• [Activity]:
Go through the data below and return each line where the string "Yellow" occurs.

----

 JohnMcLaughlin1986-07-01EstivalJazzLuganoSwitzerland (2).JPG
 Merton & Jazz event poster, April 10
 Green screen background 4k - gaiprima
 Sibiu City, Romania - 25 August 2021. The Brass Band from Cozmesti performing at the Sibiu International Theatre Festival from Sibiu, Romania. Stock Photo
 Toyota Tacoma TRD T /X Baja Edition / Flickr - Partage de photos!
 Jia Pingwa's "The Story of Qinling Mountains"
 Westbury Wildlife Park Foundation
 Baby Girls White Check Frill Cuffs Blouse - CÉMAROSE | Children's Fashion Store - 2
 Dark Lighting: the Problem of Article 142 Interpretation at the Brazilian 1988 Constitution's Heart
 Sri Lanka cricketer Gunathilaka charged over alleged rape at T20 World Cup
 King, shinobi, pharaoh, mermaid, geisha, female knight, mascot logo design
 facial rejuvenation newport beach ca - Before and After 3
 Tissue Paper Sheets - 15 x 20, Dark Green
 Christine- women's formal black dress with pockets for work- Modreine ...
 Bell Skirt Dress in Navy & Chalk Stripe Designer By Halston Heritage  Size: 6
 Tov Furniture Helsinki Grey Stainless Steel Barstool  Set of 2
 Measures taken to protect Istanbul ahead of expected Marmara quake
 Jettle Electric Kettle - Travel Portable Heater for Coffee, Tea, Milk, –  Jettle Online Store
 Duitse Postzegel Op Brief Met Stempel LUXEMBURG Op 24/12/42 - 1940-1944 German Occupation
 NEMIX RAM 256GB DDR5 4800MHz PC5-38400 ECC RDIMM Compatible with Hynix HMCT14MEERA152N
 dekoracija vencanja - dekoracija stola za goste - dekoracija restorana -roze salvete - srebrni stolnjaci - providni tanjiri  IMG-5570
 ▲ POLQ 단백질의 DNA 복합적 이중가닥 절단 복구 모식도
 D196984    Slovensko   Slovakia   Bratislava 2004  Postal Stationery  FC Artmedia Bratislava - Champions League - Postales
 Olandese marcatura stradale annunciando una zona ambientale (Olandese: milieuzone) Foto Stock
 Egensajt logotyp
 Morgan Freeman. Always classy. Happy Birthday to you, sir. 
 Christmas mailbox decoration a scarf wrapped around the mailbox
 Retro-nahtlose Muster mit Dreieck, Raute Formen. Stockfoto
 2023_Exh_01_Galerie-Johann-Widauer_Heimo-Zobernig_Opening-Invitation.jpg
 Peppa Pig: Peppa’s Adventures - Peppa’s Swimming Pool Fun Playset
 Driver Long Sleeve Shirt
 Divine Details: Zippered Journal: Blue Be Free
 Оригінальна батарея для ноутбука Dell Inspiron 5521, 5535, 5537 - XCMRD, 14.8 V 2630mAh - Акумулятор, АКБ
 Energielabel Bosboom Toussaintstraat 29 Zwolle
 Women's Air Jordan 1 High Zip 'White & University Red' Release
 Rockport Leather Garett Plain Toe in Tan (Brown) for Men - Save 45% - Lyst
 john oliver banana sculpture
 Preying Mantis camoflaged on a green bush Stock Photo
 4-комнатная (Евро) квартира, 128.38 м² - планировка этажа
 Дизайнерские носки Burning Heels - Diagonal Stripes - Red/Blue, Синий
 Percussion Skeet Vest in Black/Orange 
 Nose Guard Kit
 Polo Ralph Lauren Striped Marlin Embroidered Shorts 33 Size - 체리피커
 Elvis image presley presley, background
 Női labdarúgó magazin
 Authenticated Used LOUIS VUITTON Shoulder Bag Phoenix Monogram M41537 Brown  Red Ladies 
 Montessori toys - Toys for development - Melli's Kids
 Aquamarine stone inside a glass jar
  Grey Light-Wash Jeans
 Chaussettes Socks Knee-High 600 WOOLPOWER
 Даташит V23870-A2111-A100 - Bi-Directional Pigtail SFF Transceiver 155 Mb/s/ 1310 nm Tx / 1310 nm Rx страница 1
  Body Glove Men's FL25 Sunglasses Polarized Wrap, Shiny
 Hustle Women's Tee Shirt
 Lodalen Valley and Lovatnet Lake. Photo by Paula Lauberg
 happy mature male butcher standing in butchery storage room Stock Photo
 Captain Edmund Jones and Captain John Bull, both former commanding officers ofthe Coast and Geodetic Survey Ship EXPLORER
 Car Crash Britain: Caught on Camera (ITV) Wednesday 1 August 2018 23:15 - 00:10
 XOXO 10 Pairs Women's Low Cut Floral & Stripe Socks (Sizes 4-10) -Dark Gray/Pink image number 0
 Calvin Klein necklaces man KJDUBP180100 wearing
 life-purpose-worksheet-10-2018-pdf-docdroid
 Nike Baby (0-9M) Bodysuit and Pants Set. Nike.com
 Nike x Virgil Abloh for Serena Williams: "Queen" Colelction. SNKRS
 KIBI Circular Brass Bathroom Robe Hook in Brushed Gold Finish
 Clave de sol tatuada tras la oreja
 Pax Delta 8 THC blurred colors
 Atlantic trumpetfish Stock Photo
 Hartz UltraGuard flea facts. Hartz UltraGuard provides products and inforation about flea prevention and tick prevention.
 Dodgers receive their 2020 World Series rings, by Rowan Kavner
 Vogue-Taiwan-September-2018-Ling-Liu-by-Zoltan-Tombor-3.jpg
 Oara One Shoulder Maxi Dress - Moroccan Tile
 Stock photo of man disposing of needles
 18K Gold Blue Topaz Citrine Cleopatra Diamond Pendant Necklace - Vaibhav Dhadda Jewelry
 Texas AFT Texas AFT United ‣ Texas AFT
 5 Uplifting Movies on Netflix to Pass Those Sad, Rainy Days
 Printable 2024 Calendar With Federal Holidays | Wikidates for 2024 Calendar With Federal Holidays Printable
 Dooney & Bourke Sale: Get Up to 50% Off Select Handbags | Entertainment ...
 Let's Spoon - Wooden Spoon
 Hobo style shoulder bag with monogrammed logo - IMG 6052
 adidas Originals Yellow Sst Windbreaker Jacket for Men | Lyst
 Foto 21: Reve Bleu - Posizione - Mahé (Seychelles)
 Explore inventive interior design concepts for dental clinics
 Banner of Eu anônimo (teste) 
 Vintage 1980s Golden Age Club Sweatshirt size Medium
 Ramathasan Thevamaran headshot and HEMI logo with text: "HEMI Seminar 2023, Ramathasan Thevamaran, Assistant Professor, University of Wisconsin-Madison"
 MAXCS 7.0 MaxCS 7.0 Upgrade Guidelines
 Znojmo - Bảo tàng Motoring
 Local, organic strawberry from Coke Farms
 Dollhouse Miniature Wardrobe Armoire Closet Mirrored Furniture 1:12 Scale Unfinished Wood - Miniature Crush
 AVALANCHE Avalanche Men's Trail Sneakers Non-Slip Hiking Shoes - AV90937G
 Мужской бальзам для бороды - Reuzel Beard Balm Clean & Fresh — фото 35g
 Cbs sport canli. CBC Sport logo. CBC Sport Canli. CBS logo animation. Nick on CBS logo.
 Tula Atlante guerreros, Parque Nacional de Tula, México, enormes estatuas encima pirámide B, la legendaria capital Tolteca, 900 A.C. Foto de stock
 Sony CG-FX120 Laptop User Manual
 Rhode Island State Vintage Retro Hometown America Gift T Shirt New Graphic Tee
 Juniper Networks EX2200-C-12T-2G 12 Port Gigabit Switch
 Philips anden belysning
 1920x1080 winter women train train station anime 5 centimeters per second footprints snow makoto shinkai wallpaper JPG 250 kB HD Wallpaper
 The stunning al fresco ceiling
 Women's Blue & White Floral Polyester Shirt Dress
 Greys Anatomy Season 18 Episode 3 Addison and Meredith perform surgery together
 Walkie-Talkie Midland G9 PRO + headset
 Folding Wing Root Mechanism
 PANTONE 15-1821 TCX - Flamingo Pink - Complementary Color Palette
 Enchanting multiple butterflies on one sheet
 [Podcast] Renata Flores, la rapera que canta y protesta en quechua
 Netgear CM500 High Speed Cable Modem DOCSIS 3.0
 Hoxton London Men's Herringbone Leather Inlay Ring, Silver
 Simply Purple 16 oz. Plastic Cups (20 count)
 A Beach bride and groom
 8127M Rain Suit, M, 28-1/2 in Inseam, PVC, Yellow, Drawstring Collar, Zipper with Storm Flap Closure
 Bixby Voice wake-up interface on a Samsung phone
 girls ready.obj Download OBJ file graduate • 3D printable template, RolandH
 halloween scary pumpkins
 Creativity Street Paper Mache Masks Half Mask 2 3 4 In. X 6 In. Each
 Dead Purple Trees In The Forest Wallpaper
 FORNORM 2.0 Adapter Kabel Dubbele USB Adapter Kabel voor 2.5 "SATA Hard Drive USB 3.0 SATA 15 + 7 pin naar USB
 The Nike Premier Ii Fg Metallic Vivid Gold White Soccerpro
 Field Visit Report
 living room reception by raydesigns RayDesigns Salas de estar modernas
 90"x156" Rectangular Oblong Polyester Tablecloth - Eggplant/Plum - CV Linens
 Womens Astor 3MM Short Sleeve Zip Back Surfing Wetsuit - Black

----

• [Task result]:
 adidas Originals Yellow Sst Windbreaker Jacket for Men | Lyst
 8127M Rain Suit, M, 28-1/2 in Inseam, PVC, Yellow, Drawstring Collar, Zipper with Storm Flap Closure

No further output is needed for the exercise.